McCarty was named a Parade All-American and finished second in the Mr. Basketball voting following his senior year at Harrison and then it was off to UK and an NBA career that included stops with the New York Knicks, Boston Celtics (where he played under O’Brien again), Phoenix Suns, and the Los Angeles Clippers.[pagebreak]

McCARTY SPEAKS GLOWINGLY OF UL and the opportunity Pitino gave him. But he didn’t like some of the changes he saw in the college game upon his return. For instance, McCarty says he made it clear to other schools recruiting him before his senior year at Harrison that UK was clearly his No. 1 choice. His only other visits were to the University of Evansville and Purdue University, and he told then-Purdue coach Gene Keady in his office that he would go to UK if things could be worked out there — and Keady respected him for it, he says. “A lot of kids are not interested in your school, but they won’t tell you that,” McCarty says. “Now, (athletes) just want to be on all the (Internet) recruiting boards. When I was a kid, if I wasn’t going to your school, I wasn’t going to put you through all that. It was a waste of time.”

He also says he saw little of the camaraderie he experienced at UK, particularly the 1996 national championship team, which had nine future NBA players. “Tony and I we would sit in a room and would say, ‘We’re going to win a national championship, and we’re going to graduate,’” McCarty says. “We would challenge each other. We both had the same major. If one of us was struggling, the other would pick (him) up. We kept each other accountable.

“I don’t think people realize how good our 1996 team was. They know about all the talent, but I don’t think they realize how much we cared about each other. There were no egos. We pushed each other, but we loved each other. We went everywhere together. I don’t think you have much of that in college basketball today.”

Thus, McCarty decided he might be a better fit in the NBA. O’Brien, familiar with McCarty’s body of work, was keen to the idea. When O’Brien first was hired as Pacers head coach in 2007, he says he tried to convince an aging McCarty to play, but after 10 NBA seasons, McCarty retired and mentioned to O’Brien he was interested in coaching. “Walter is a great communicator. He’s really been taught the fundamentals of the game well throughout his career,” says O’Brien. “It doesn’t surprise me (that he went into coaching). He would be a very positive influence on any staff he would be on.”

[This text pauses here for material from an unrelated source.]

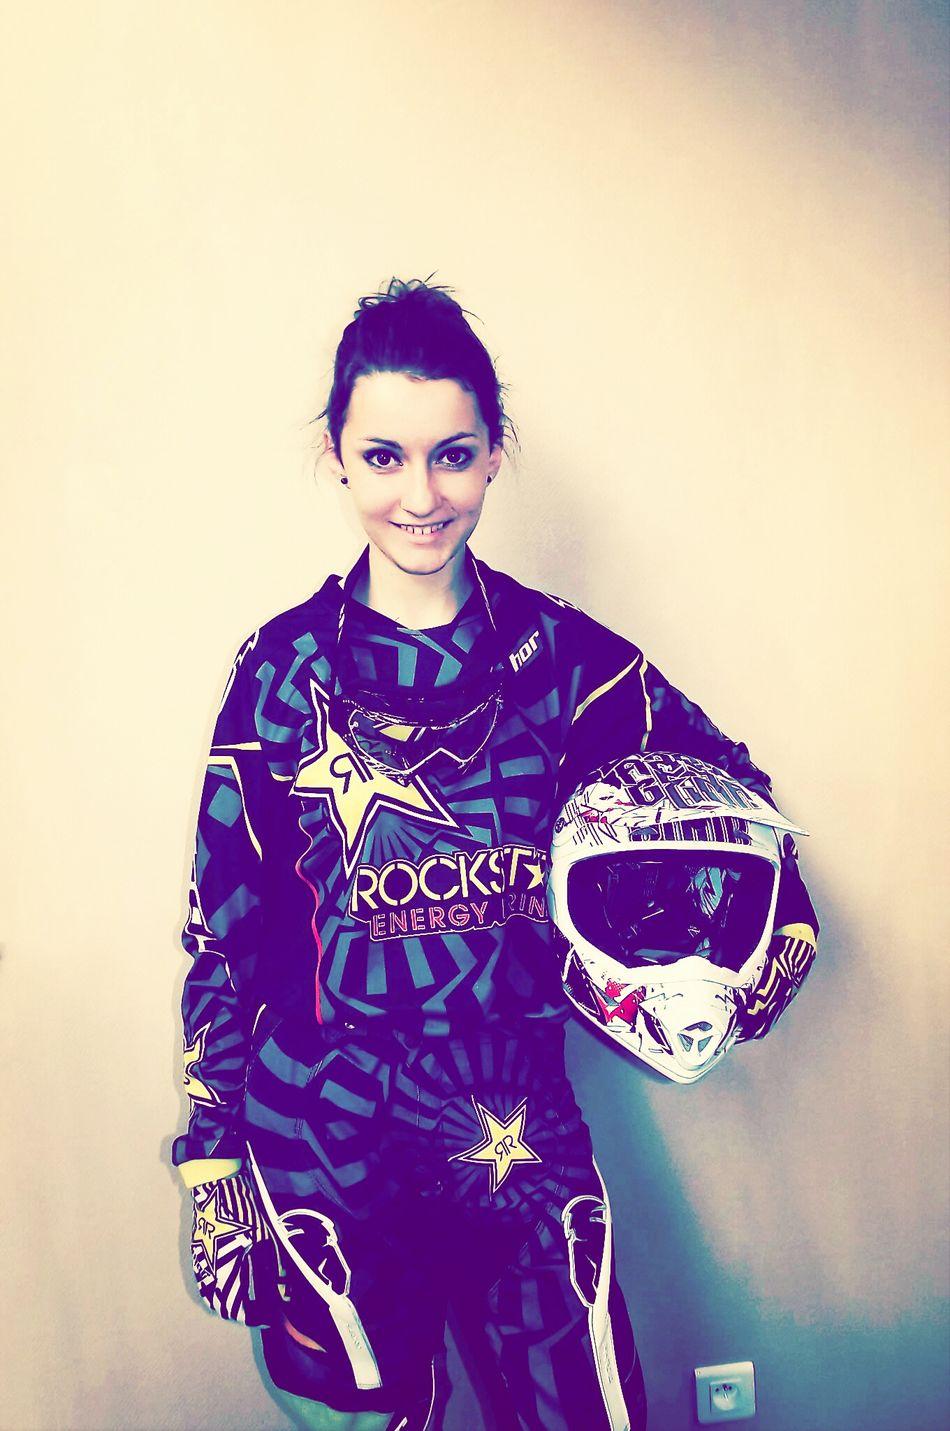 Motocross Racing It's My Life

O’Brien found McCarty’s resume impressive. “If you work for Rick Pitino, you get in very early and stay very late,” says O’Brien. “You’re involved in every phase of the program, individual instruction, and preparation to play against opponents. Having been an assistant of Rick’s for a long time, I don’t think you can find a better training ground for being a coach than being on Rick’s staff.”

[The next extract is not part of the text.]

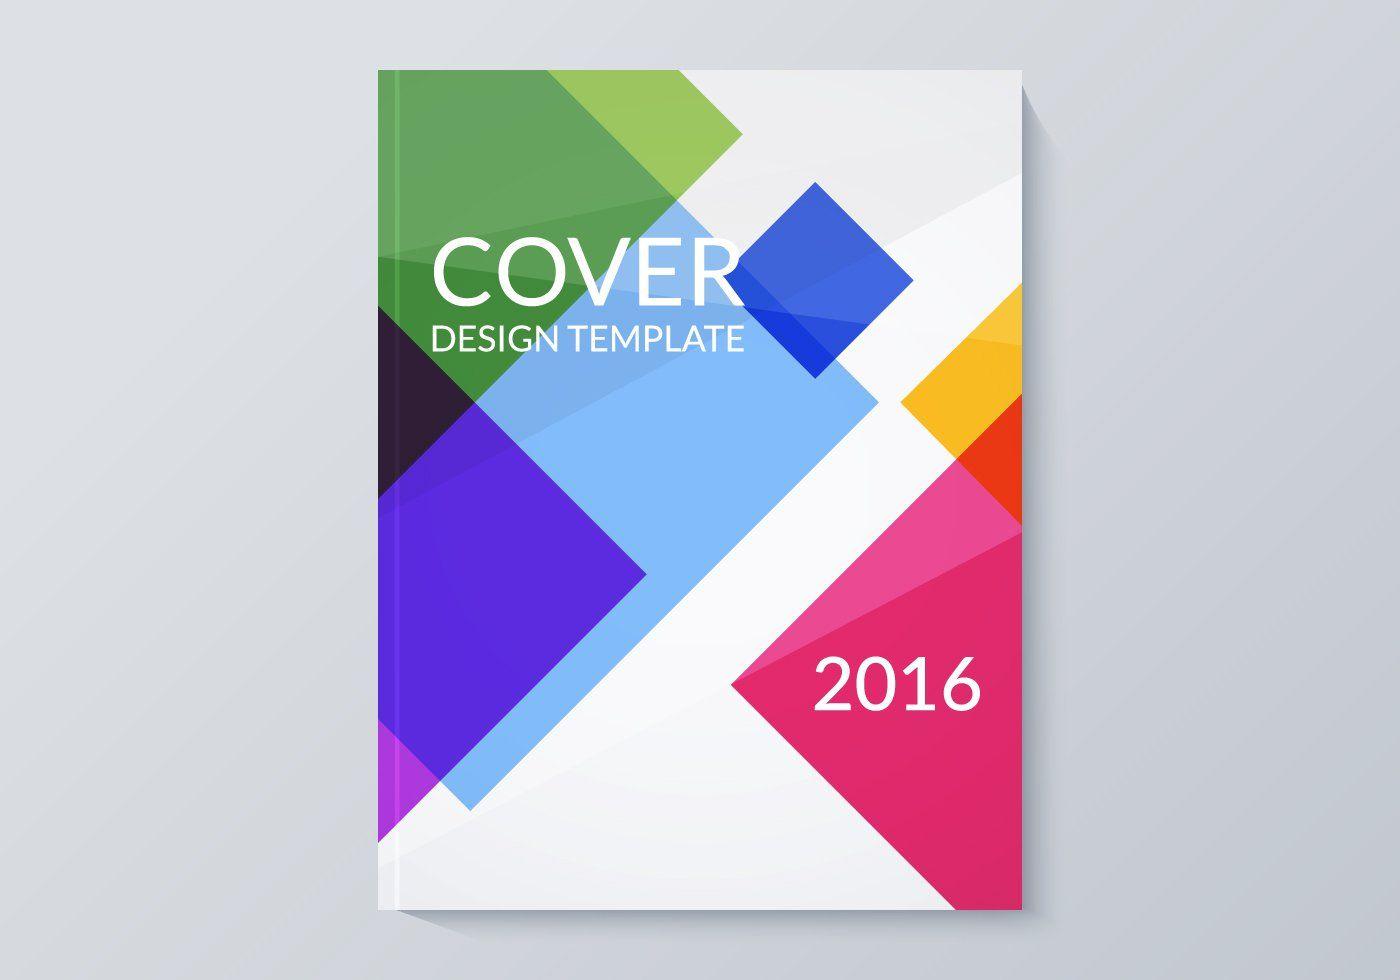 Cover Design Template Vector Graphic Professional Booklet Cover Design Book Design Layout Cover Design

The opportunity intrigued McCarty. “I grew up idolizing (Pacers president Larry Bird), and I was able to come in and work with him,” says McCarty, who eventually would like to become an NBA head coach and general manager. “To me, it just made a lot of sense. It’s just the challenge of moving to a different environment and different level.”

McCarty still maintains plenty of ties to his hometown. Joy Lindsay, his mother, lives in a home in Newburgh he purchased for her. He spoke at a fundraiser for the Harrison basketball team last August, and he has donated money to the school’s vocal music program through his music foundation. “I’m very happy because I have the same friends as I had back in 1988 or 1986,” he says. “We’re very close. We still talk all the time. Life may take you in different places or different routes, but to us, you enjoy life and friends and helping each other out.”

Even when all those friends could have sworn he would never end up in coaching.